━━━ Extracted material

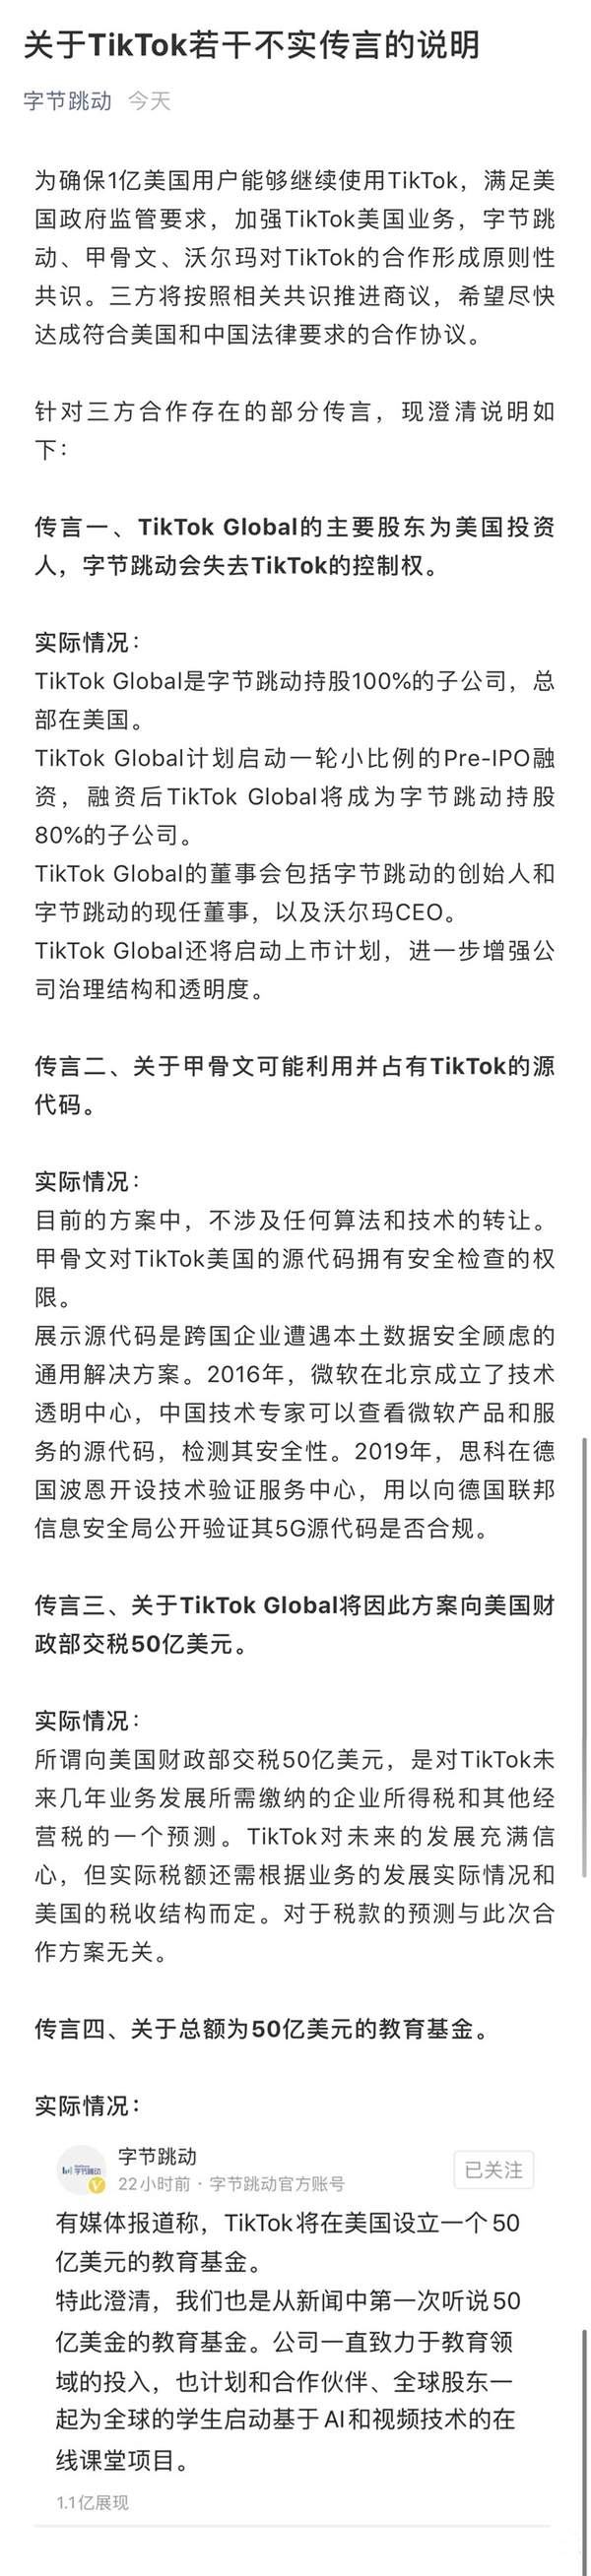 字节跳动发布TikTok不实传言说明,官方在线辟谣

━━━━━━
━━━ Extracted material

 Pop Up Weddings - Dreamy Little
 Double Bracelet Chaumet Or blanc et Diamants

━━━━━━
━━━ Extracted material

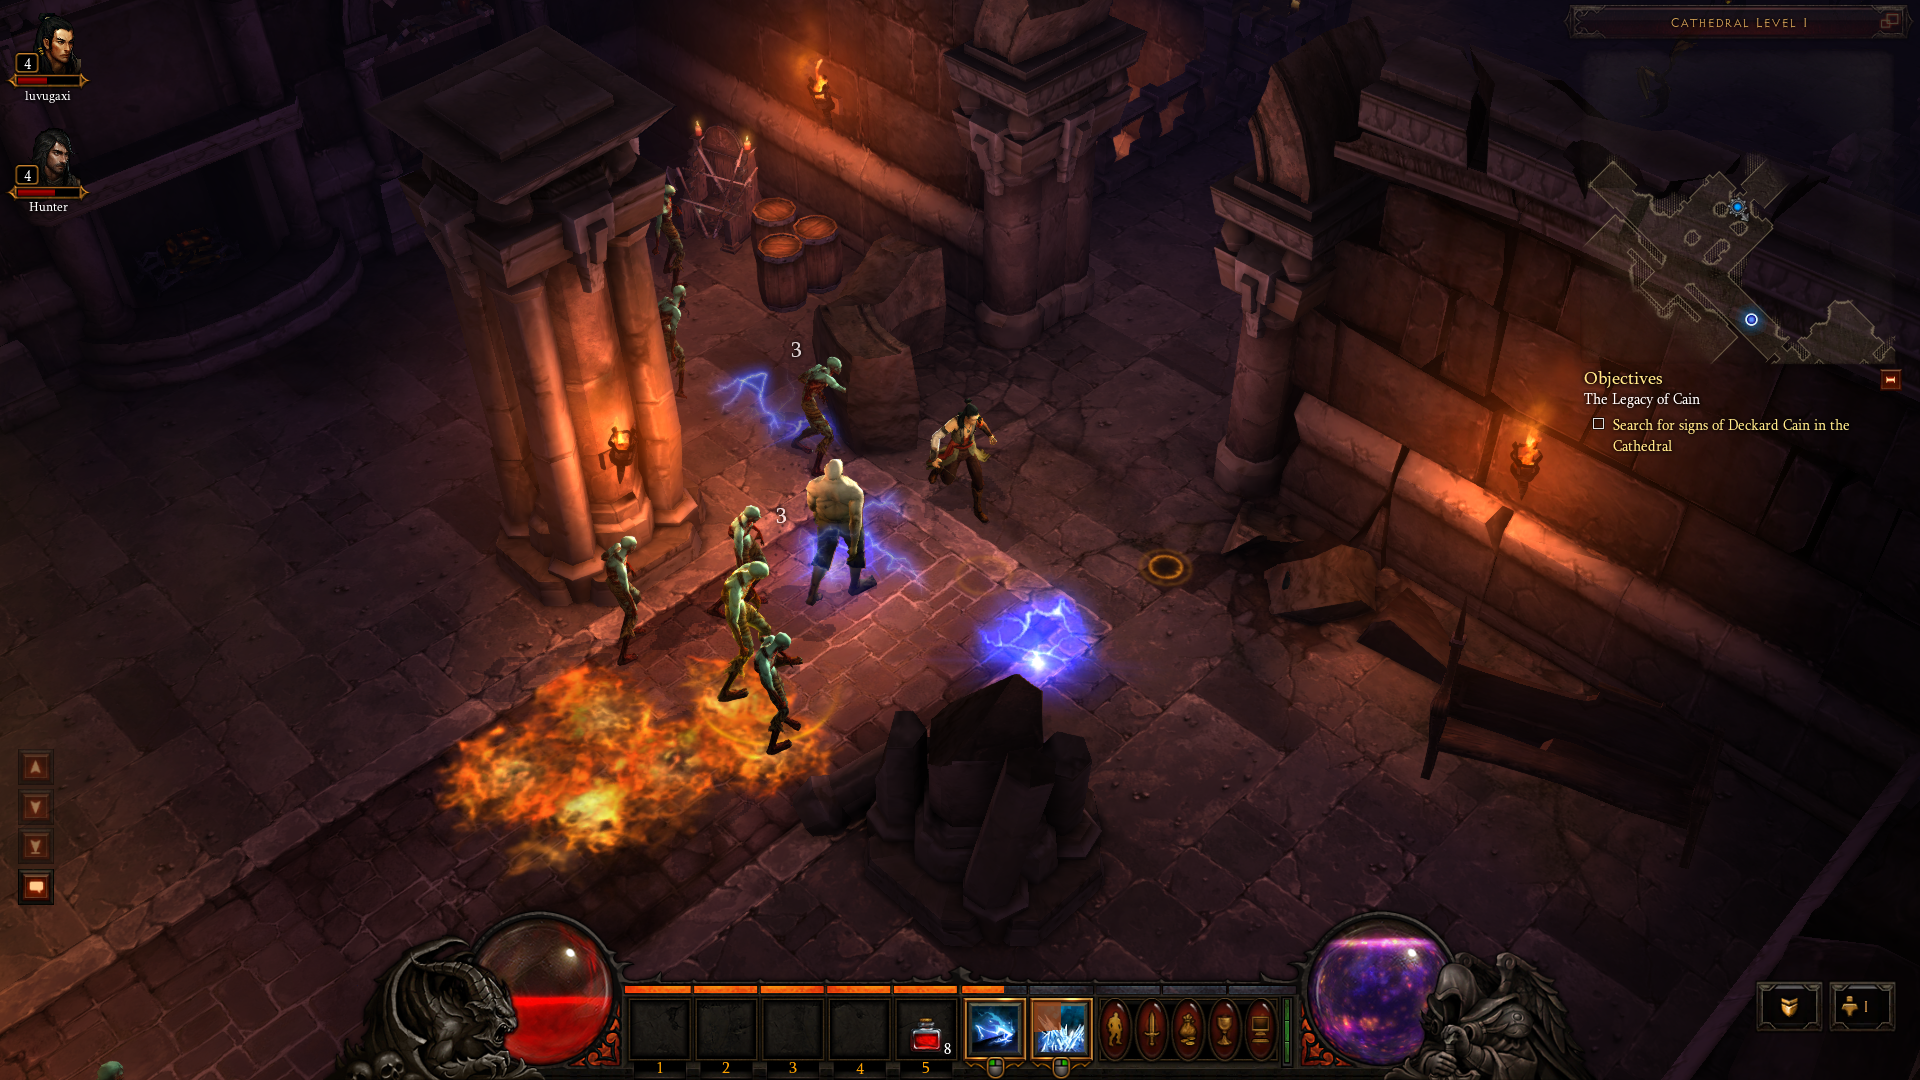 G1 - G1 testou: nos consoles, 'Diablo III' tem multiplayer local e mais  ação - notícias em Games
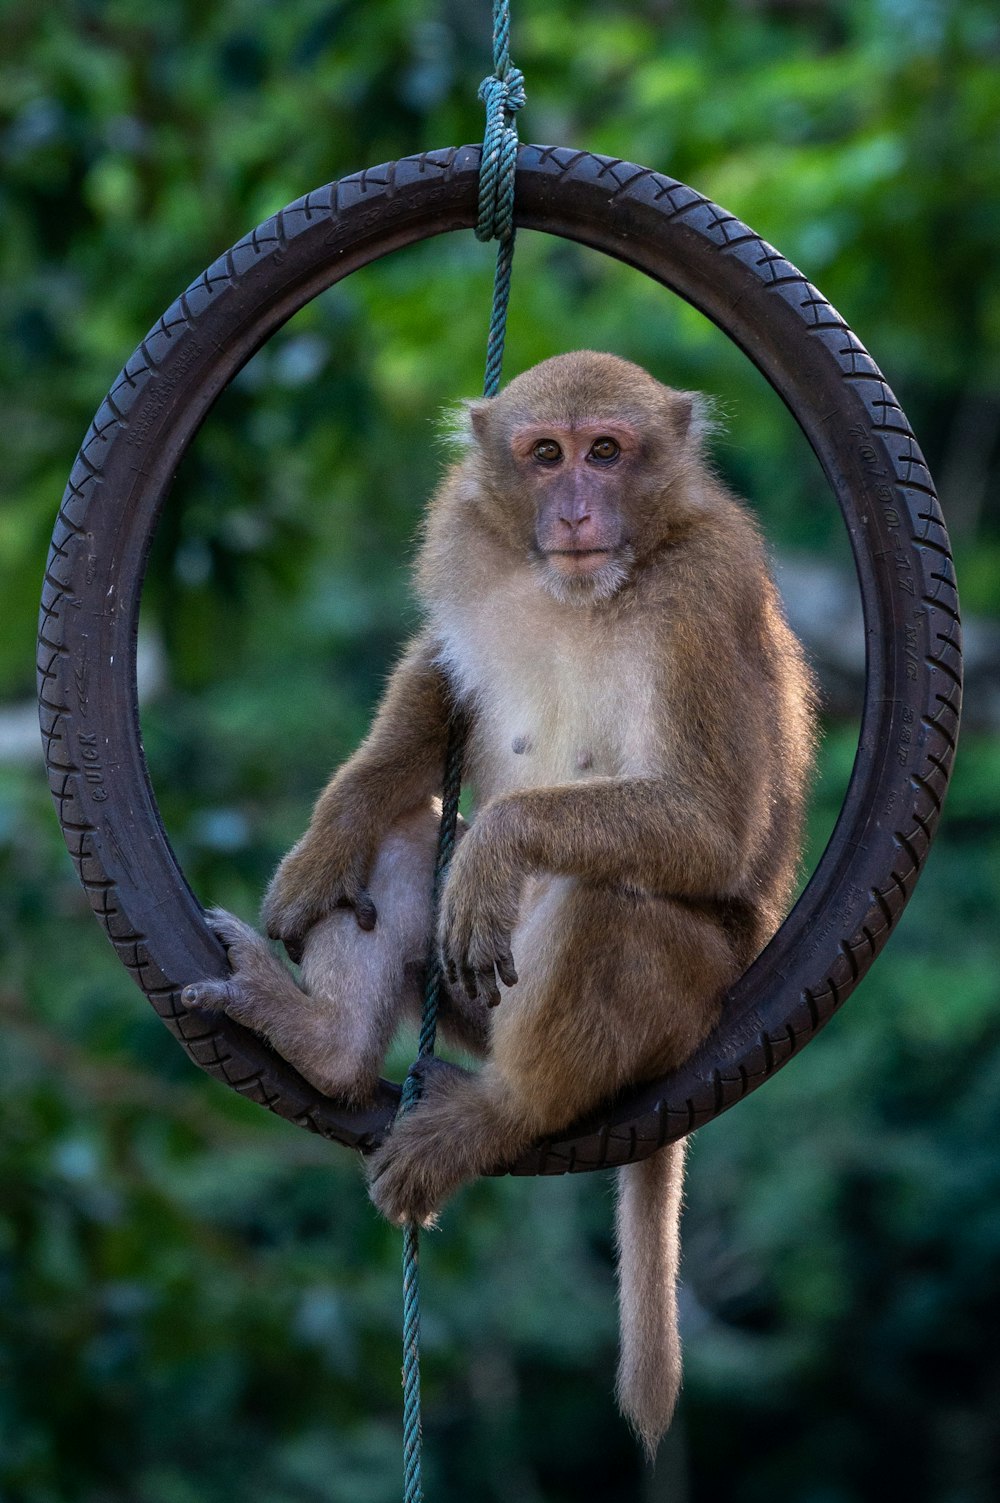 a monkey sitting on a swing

━━━━━━

What to produce. Exactly the lines above from the one with "Pop Up Weddings - Dreamy Little" to the one with "Double Bracelet Chaumet Or blanc et Diamants", both included, are to be quoted; leave the rest out.

Solved exercise.
 Pop Up Weddings - Dreamy Little
 Double Bracelet Chaumet Or blanc et Diamants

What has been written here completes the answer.